L'espagnol Repsol SA étudie une fusion inversée de sa division en amont avec des partenaires potentiels, dont le producteur d'énergie américain APA Corp., ont indiqué des sources proches du dossier, alors que le géant espagnol cherche un moyen de s'introduire en bourse à New York.
La société pétrolière-et-gazière espagnole a eu des discussions exploratoires avec APA, anciennement connue sous le nom d'Apache Corp., en vue d'un éventuel accord, ont indiqué les sources. Il a également eu des discussions préliminaires avec d'autres partenaires potentiels de fusion pour l'entreprise, ont-ils indiqué.
Tout accord pourrait contribuer à renforcer le portefeuille des activités en amont de Repsol et lui permettre d'être plus rapidement coté en bourse. Les actions d'APA ont augmenté d'environ 5 % dans les échanges à New York cette année, ce qui porte leur valeur marchande à environ 8,6 milliards de dollars.
Repsol a accepté en 2022 de vendre une participation de 25 % dans l'activité en amont à la société de capital-investissement EIG Global Energy Partners LLC dans le cadre d'un accord valorisant l'entreprise à 19 milliards de dollars, dette comprise. L'accord visait à aider l'unité à se développer davantage aux États-Unis, tout en collectant des fonds permettant à Repsol d'investir dans des activités à faible émission de carbone.
Les dirigeants ont déclaré qu'ils préparaient l'unité en amont pour un éventuel « événement de liquidité », comme une cotation publique, en 2026. Le PDG de Repsol, Josu Jon Imaz, a déclaré le mois dernier aux analystes que la société envisageait des options, notamment une introduction en bourse de l'entreprise, une fusion inversée avec un groupe coté aux États-Unis ou l'introduction d'un nouvel investisseur privé.
Les délibérations sont en cours et il n'y a aucune certitude qu'elles aboutiront à une transaction, ont déclaré les sources, demandant à ne pas être identifiées car les informations sont confidentielles. Repsol continue d'étudier une série d'alternatives pour l'entreprise et pourrait toujours procéder à une introduction en bourse ou à une vente de participations, ont indiqué les sources.
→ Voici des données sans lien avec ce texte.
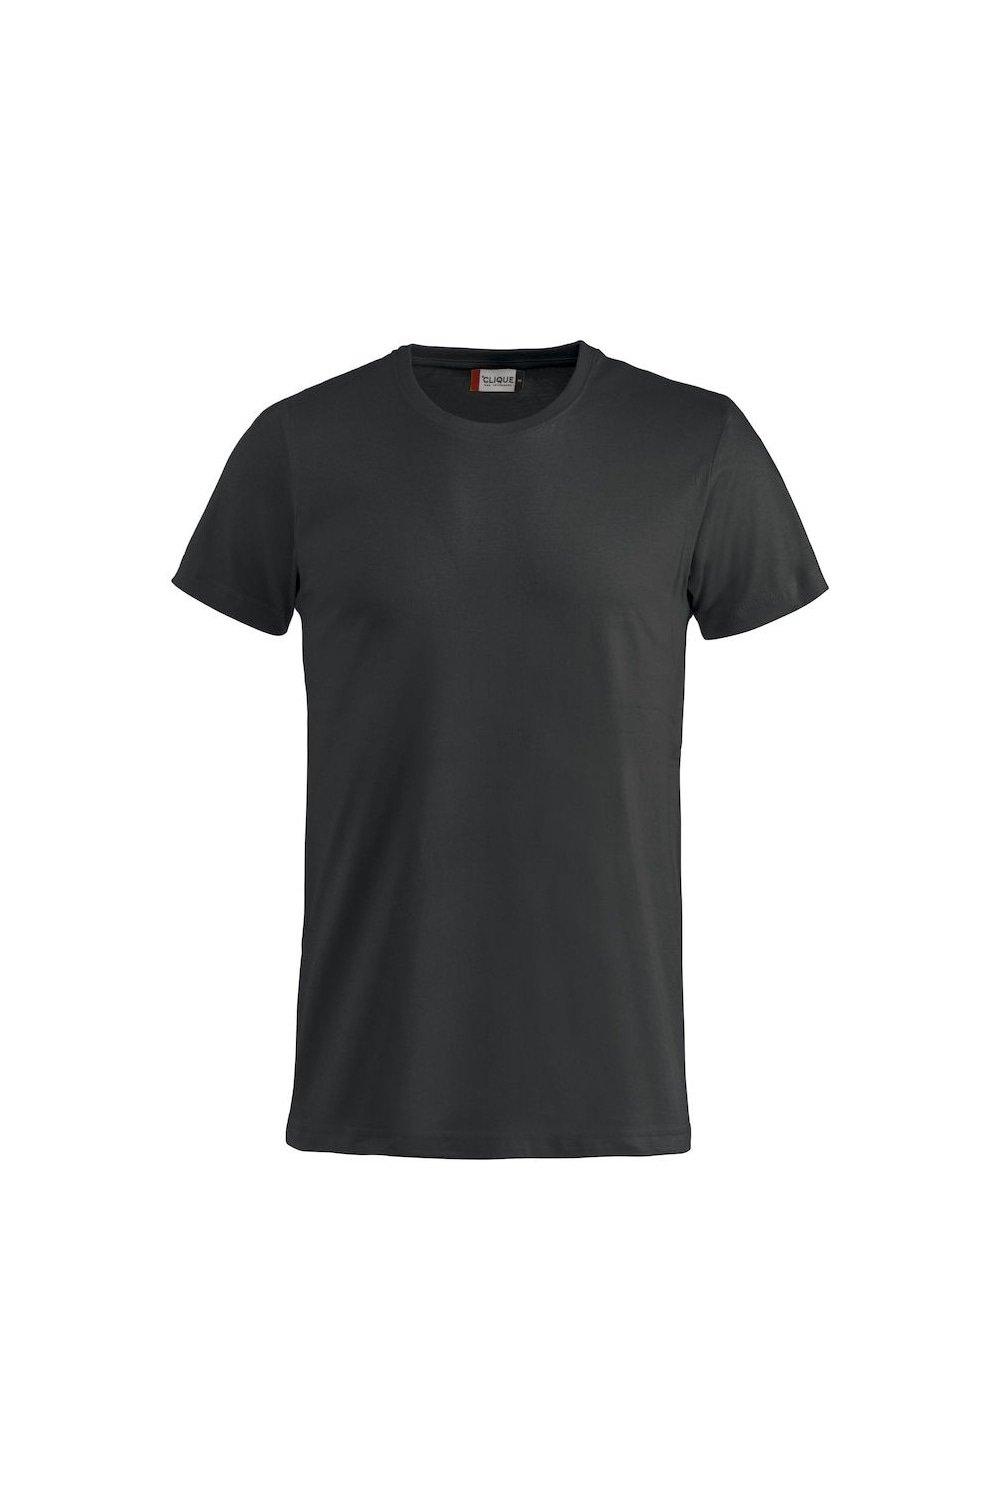 Базовая футболка Clique, черный
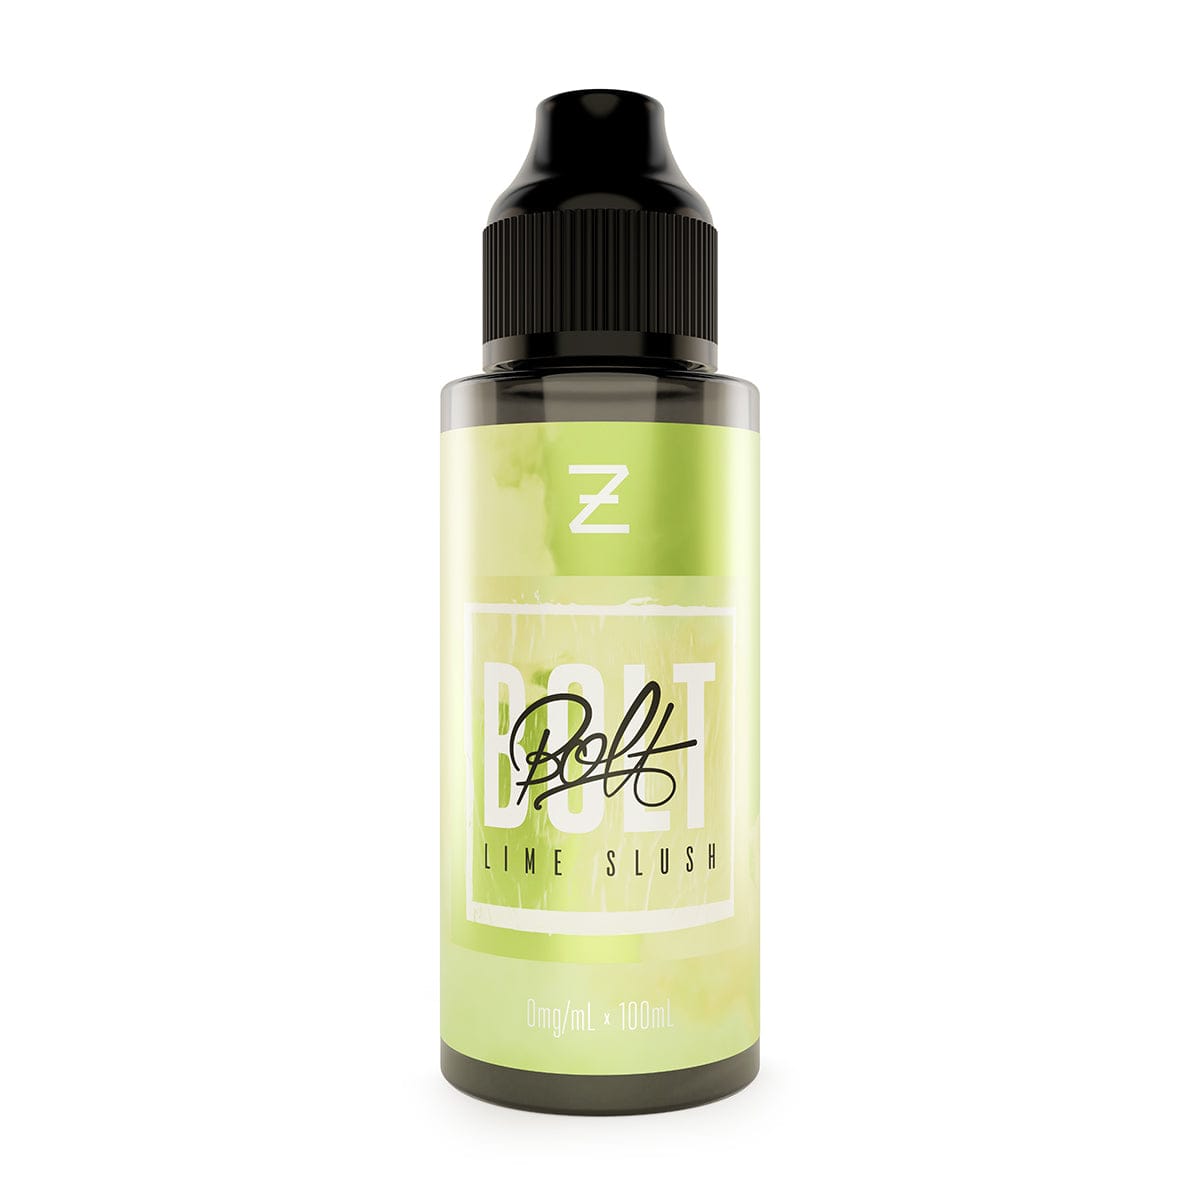 Zeus Juice Shortfill Eliquids Lime Slush / 100ml Zeus Juice Bolt Shortfill E-Liquids

Les représentants de l'APA, de Repsol et de l'EIG ont tous refusé de commenter.
Dans son segment amont, Repsol a produit 551 000 bep au troisième trimestre. Il est présent dans divers pays comme le Brésil, les États-Unis et le Mexique. Elle travaille au démarrage de la première phase du projet Pikka en Alaska, l'un des plus grands gisements américains.
La majeure partie de la production d'APA provient des États-Unis, tirée principalement par la production du bassin permien et du golfe du Mexique, tandis que la production internationale est dominée par la croissance du gaz naturel. Le pétrole représente 51 % de la production totale de l'APA, suivi d'un tiers pour le gaz naturel, le reste étant constitué de LGN.
L'entreprise est l'un des nombreux opérateurs qui ont réduit leurs dépenses et licencié du personnel pour réaliser des gains d'efficacité alors que les meilleurs endroits du Permien-la zone de schiste la plus productive au monde-sont forés. Les opérateurs pétroliers américains ont également connu une vague de consolidation ces dernières années, les entreprises cherchant à exploiter les ressources des champs de schiste en voie d'épuisement.